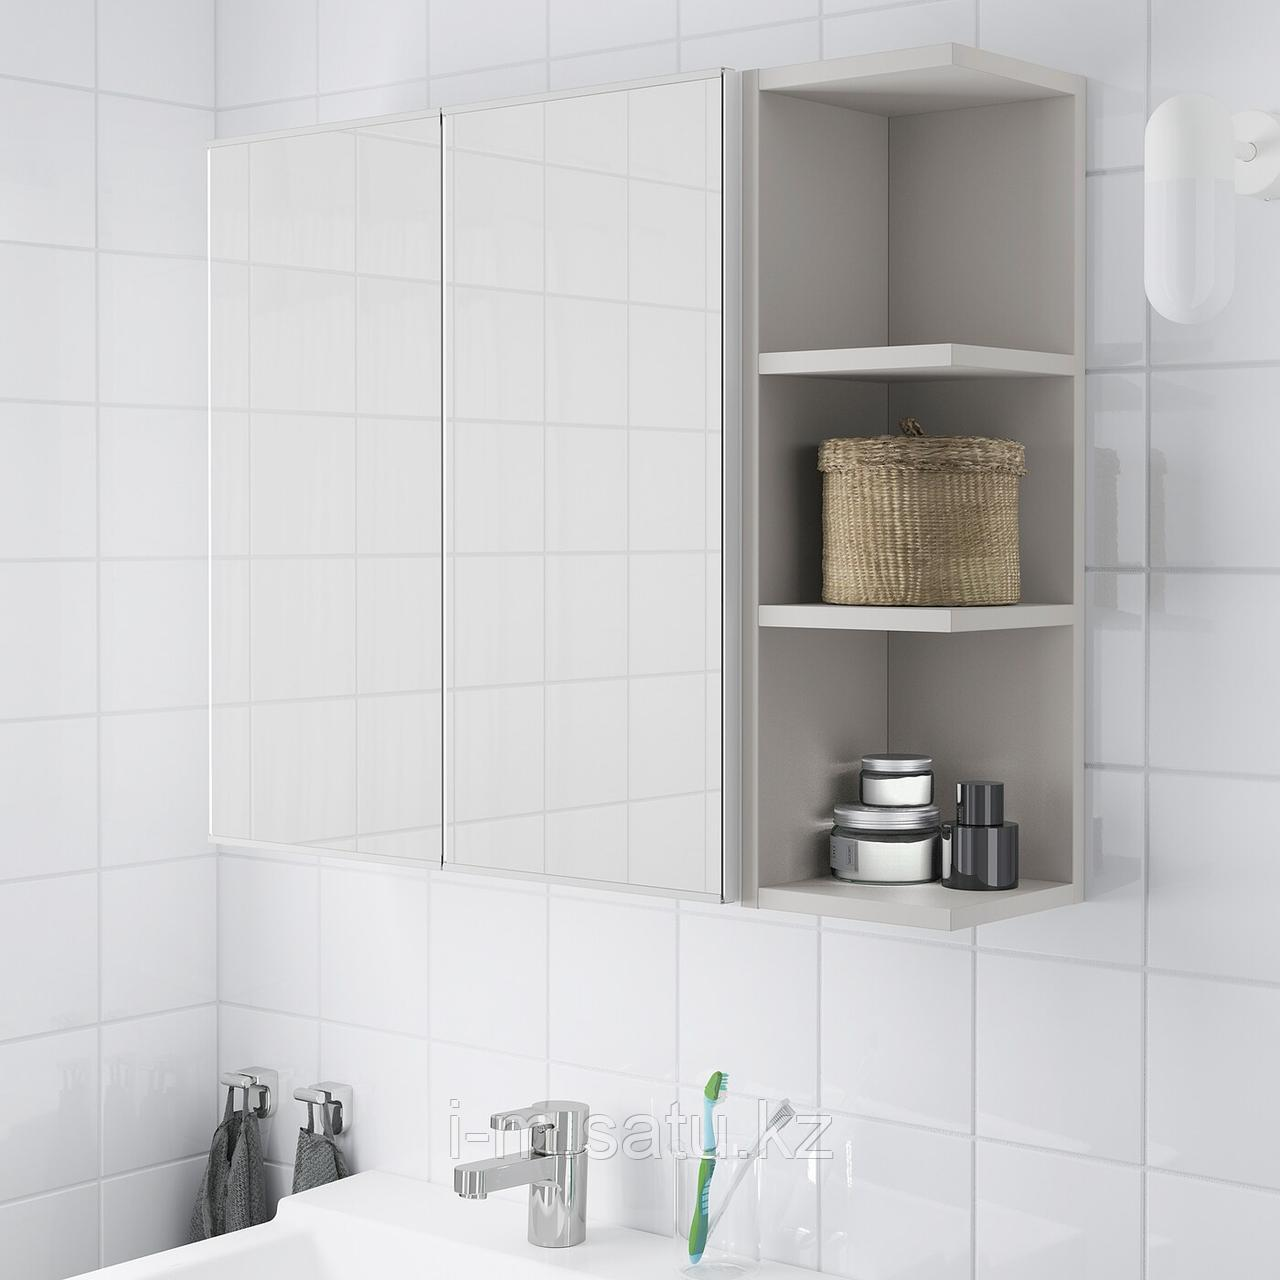 ЛИЛЛОНГЕН Зеркальн шкафч с 2 дврц/1 откр полк, белый, серый, 79x21x64 см
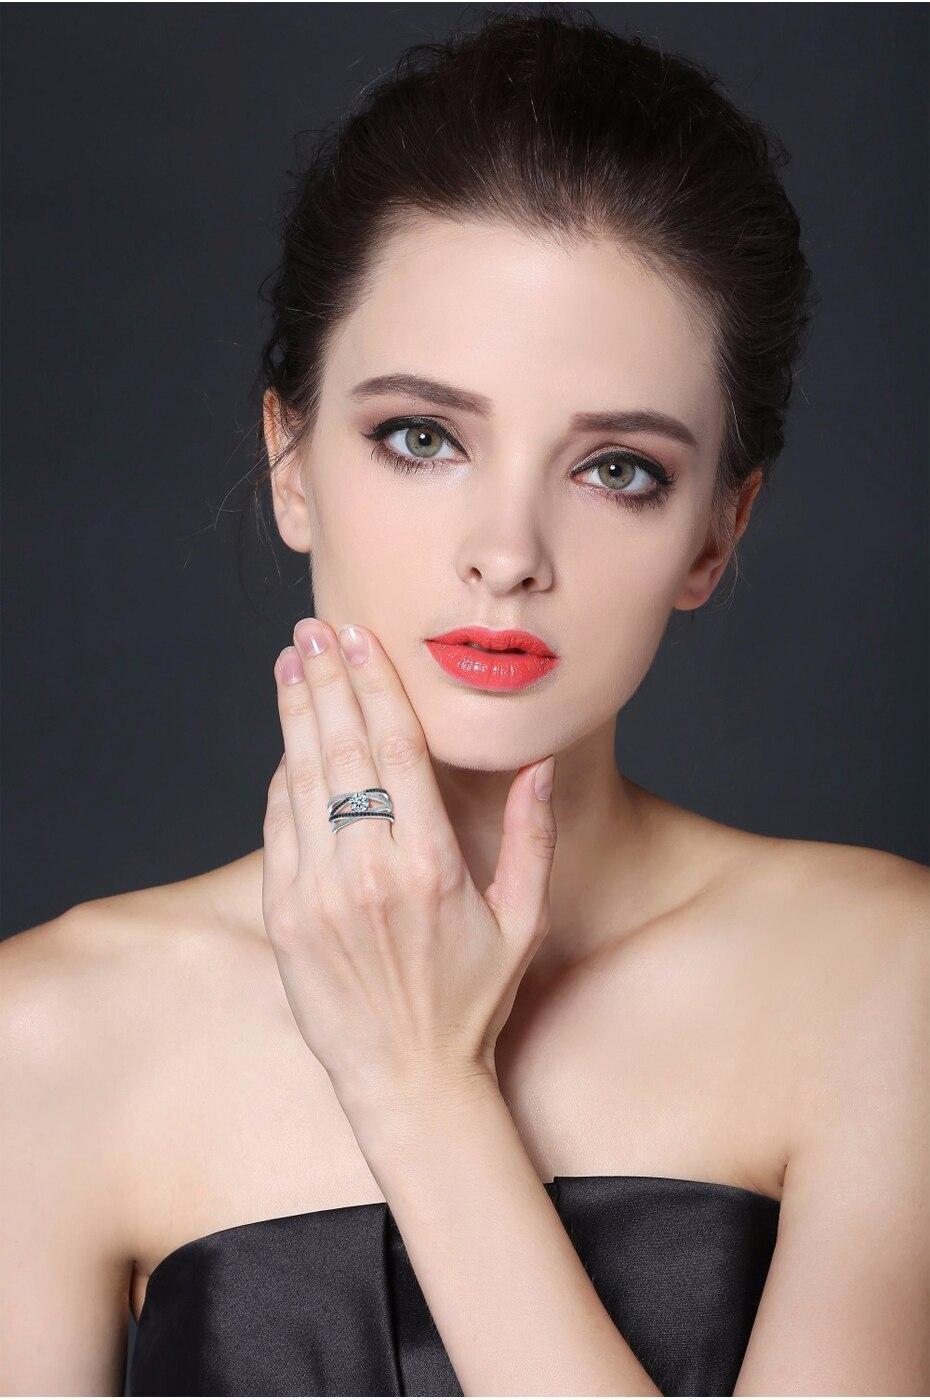 HTB1kJ15b5qAXuNjy1Xdq6yYcVXai [BLACK AWN] 925 Sterling Silver Rings for Women Hollow Engagement Ring Bijoux Bague Gift Sterling Silver Jewelry C012
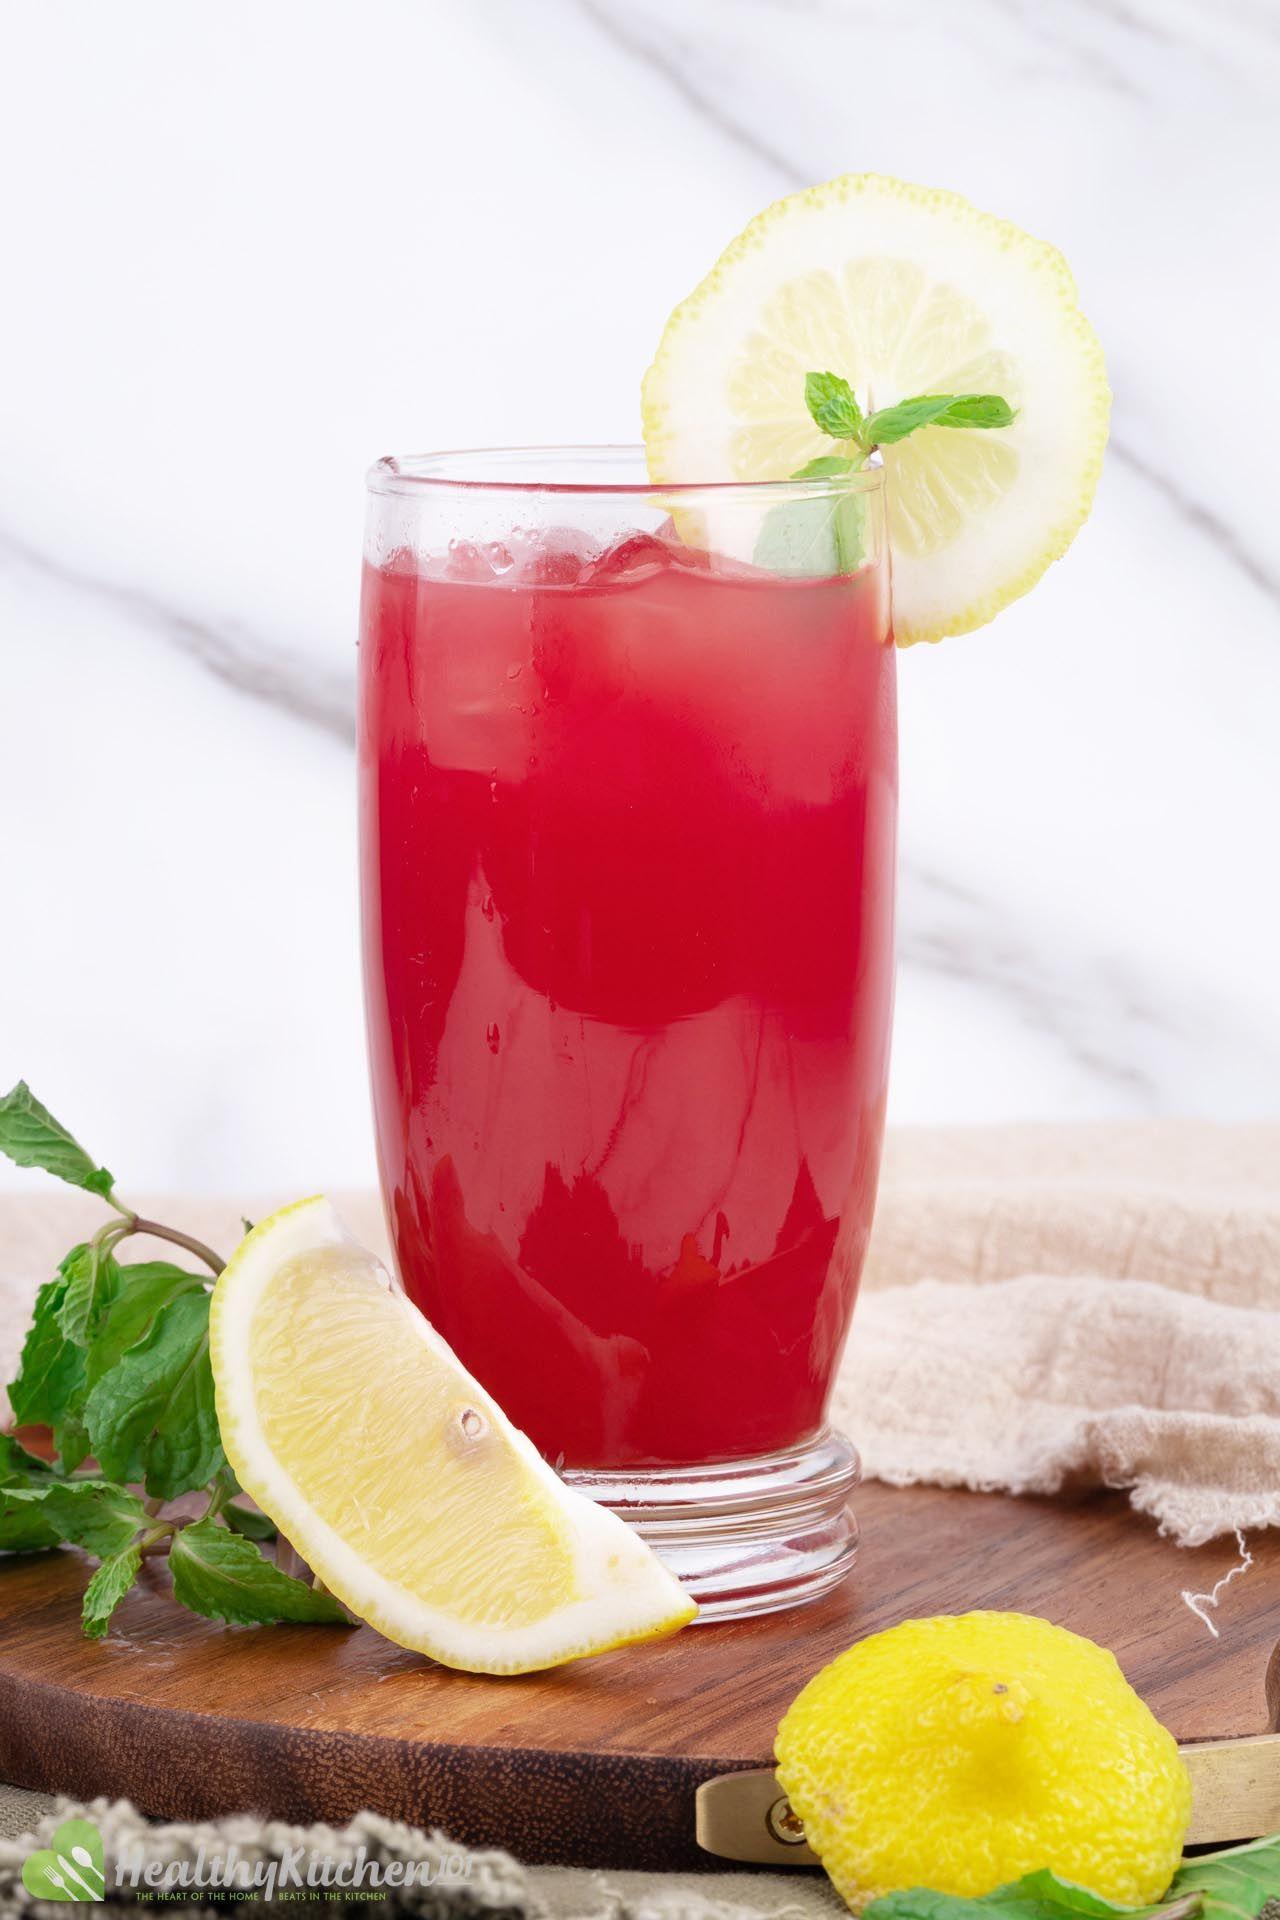 How to Make Watermelon Juice and Lemon
==============================
WORK TASK: The whole listing must be transcribed exactly. No pictures belong in the copy.

ANSWER TO THIS PROBLEM:
 ЛИЛЛОНГЕН Зеркальн шкафч с 2 дврц/1 откр полк, белый, серый, 79x21x64 см
 HTB1kJ15b5qAXuNjy1Xdq6yYcVXai [BLACK AWN] 925 Sterling Silver Rings for Women Hollow Engagement Ring Bijoux Bague Gift Sterling Silver Jewelry C012
 How to Make Watermelon Juice and Lemon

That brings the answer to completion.